I really don't know how effective my little system would be against these scrapers, but I've setup a system that blocks IP addresses if they've attempted to connect to ports on my system(s) behind which there are no services, and therefore their connections must be 'uninvited', which I classify as malicious.

Since I do actually host a couple of websites / services behind port 443, it means I can't just block everything that tries to scan my ip address at port 443. However, I've setup Cloudflare in front of those websites, so I do log and block any non-Cloudflare (using Cloudflare's ASN: 13335) traffic coming into port 443.

I also log and block IP address attempting to connect on port 80, since that essentially deprecated.

This, of course, does not block traffic coming via the DNS names of the sites, since that will be routed through Cloudflare - but as someone mentioned, Cloudflare has its own anti-scraping tools. And then as another person mentioned, this does require the use of Cloudflare, which is a vast centralising force on the Internet and therefore part of a different problem...

I don't currently split out a separate list for IP addresses that have connected to HTTP(S) ports, but maybe I'll do that over Christmas.

This is my current simple project: https://github.com/UninvitedActivity/UninvitedActivity

Apologies if the README is a bit rambling. It's evolved over time, and it's mostly for me anyway.

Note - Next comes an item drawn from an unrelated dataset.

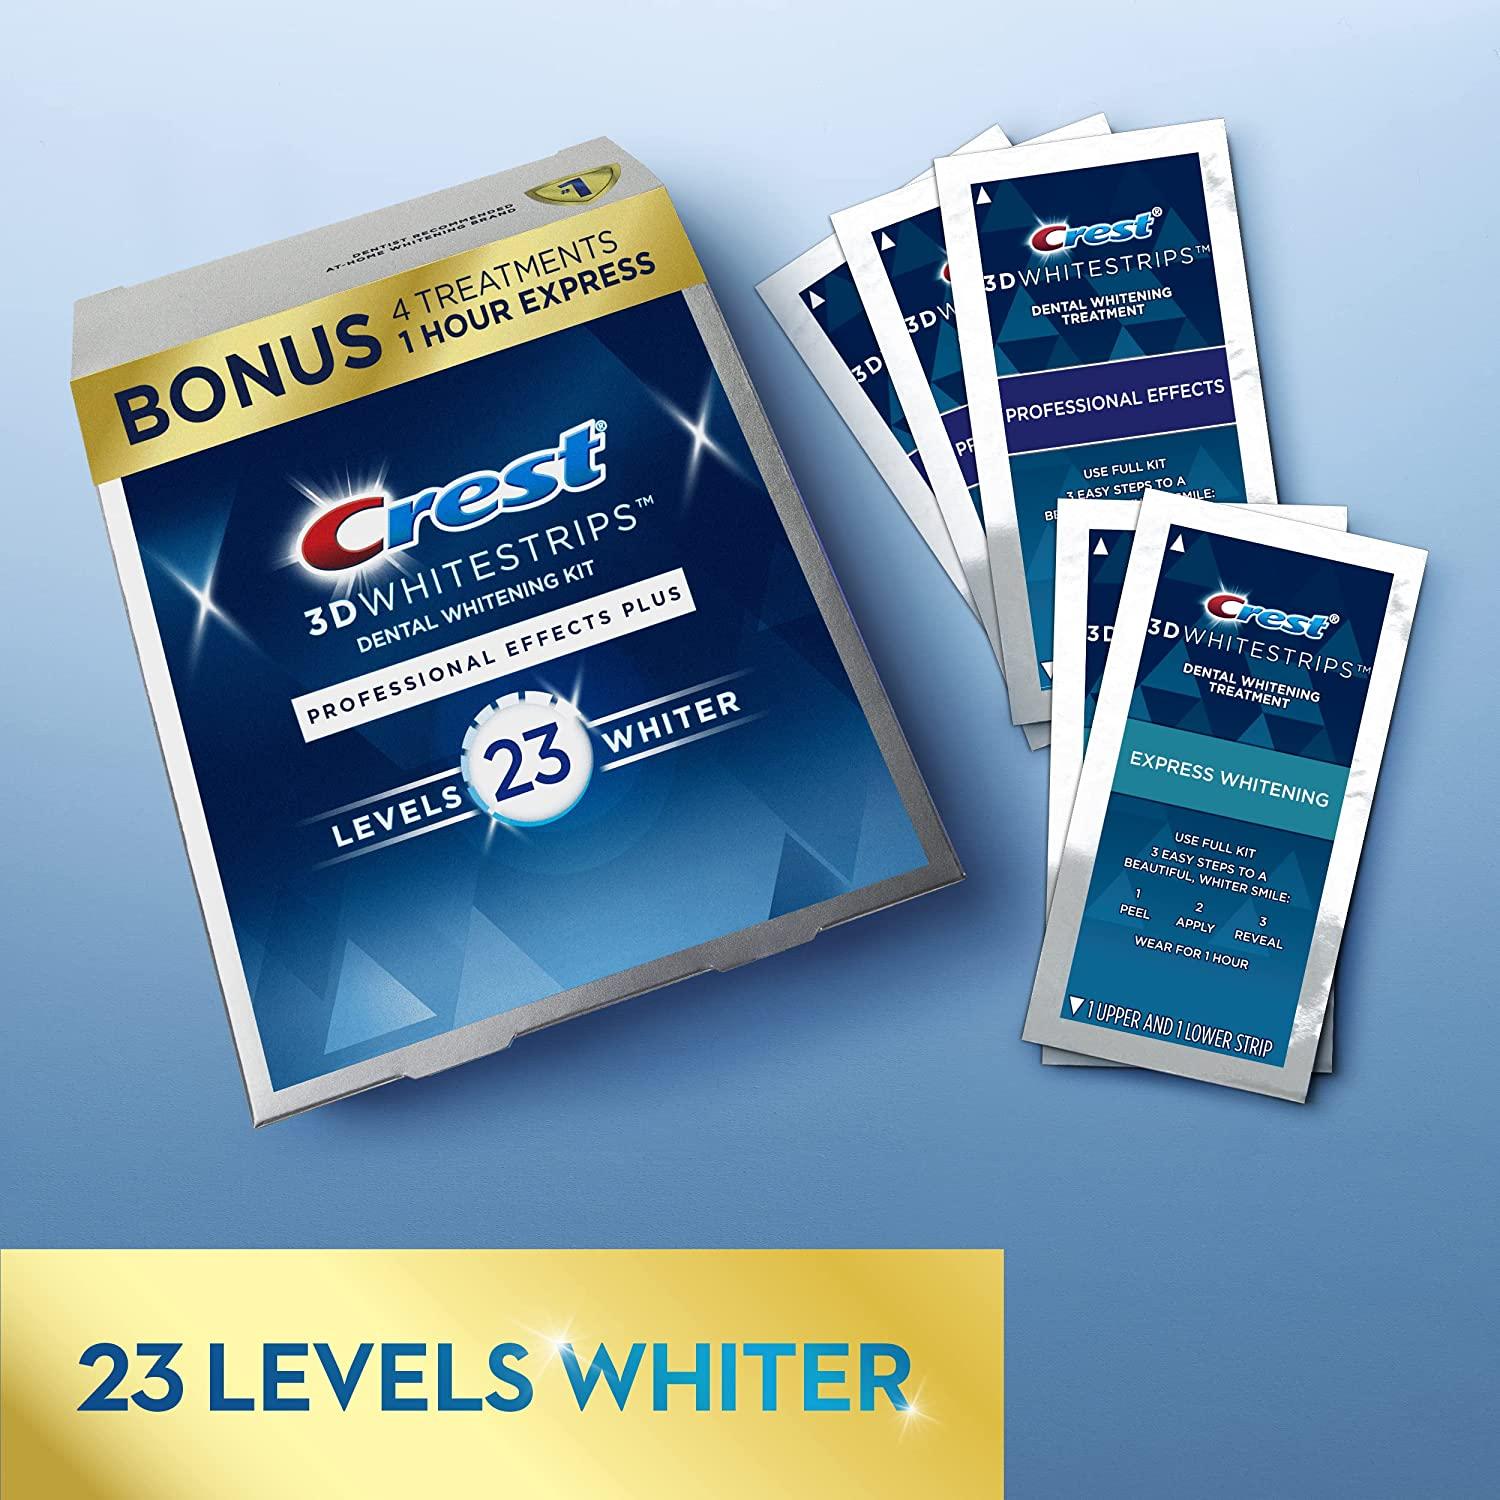 CREST 3D WHITE - WHITESTRIPS PROFESSIONAL EFFECTS 20 Whitening

P.S. I always thought it was Yog Sothoth (not Sototh). Either way, I'm partial to Nyarlathotep. "The Crawling Chaos" always sounded like the coolest of the elder gods.

ewpratten 8 hours ago | parent [-]

Regarding the Cloudflare part of this, I’d recommend taking a look at “Authenticated Origin Pulls”. It lets you perform your validation at the TLS layer instead of doing it with IP ACLs if that interests you.